Magician: [whispers to assistant] get eagle eyes out of here.
Him: Can you decide quickly?
Me, 20 minutes later: No.
Tired of actually helping? Try prayer
I’m guessing that while more honest and accurate ‘Dancing With People Who Are Arguably More Famous Than You But By No Means Could Be Considered Stars’ just wasn’t as catchy as DWTS and really sucks as an acronym.
*cheats at bowling by rolling into the pins*
Child: Can I have some help with my homework?
Me: Sure. Let’s see. [reading] If you have six apples and give one-[10 minutes later]
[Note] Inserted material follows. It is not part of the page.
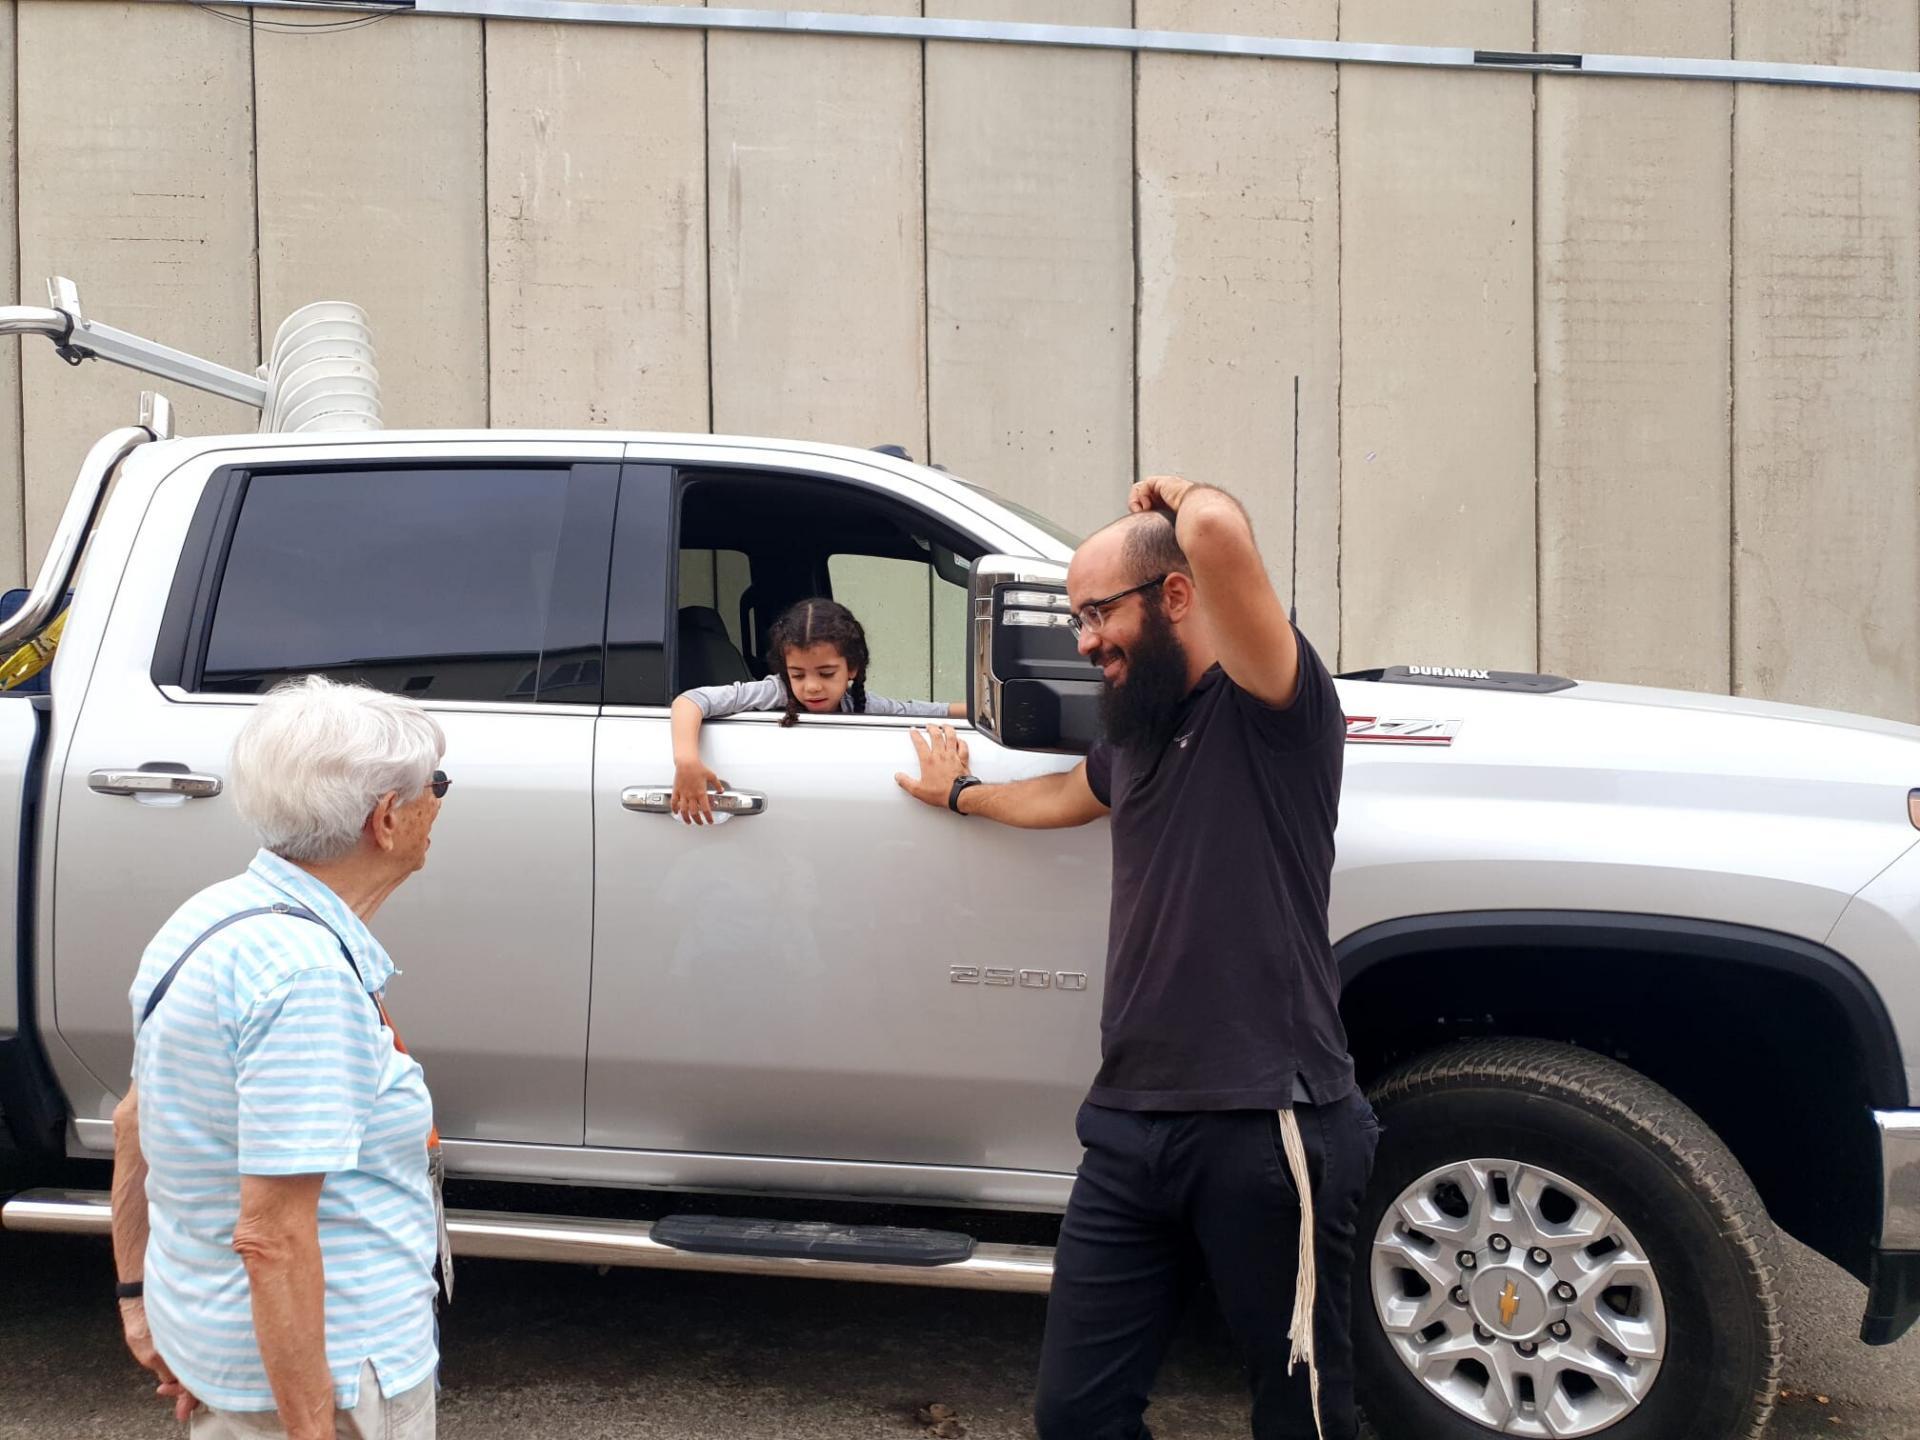 אישה משוחחת עם גבר ובתו היושבת במכונית

Me: FIVE. FFS THE ANSWER IS FIVE
As we are leaving the car wash, passing the self-service bays, 6yo says, “oohh that’s how poor people wash their cars” and now I have to teach her a lesson and make her do all our laundry in the creek.
[restaurant]
Waiter: *holding pepper mill* say when
Me: huh? why
Waiter: when means stop
Me: oh
Date: how do you not- okay you know what i think we should stop seeing each other
Me: *glances knowingly at waiter* i think you mean we should WHEN seeing each other
*watches a show about global warming*
Yeah whatever, doesn’t affect me.*watches a show about bear attacks*
Would I be able to take a bear?
i’m so bad at identifying internet scams. i’ll get an email that will literally say something like “click this link to send us your social security number and bank info and we’ll steal all your money” and i’ll be like “what could they mean by that?”
Egregious Outerwear Lies
Trench coat: would get RUINED in a trench
Pea coat: not made of peas
Leather bomber: zero incendiaries
Swing coat: doesn’t dance at all
Parka: can’t even drive
Ok in hindsight “bite me” was a terrible safe word choice
Set your phone alarm to a song you hate. You won’t hit snooze, because then you’d have to hear Nickelback again.
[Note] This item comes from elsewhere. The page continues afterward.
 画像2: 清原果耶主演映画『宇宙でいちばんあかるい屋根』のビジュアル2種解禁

I’ll call it a smartphone the day I yell “where’s my smartphone?” And it yells
” Down here in the couch cushions”
When did folks start naming kids old fashioned trades like, “Hunter” and “Porter” and “Archer” and “Blacksmith” and “Prostitute?”
The original Alien is the best because of the smoking. No futuristic nicotine delivery. Just blasting cigs around all that sensitive space equipment. That’s the direction technology advanced: to allow cigarettes in spacecrafts.
[scale says I’ve gained 5 pounds]
Me: It’s probably just what I’m wearing.
Wife: You’re naked.
Me:
Wife:
Me: It’s a heavy deodorant.
What you say: Don’t make a mess in the bathroom.
What the child hears: There are six bottle of nail polish in the vanity drawer.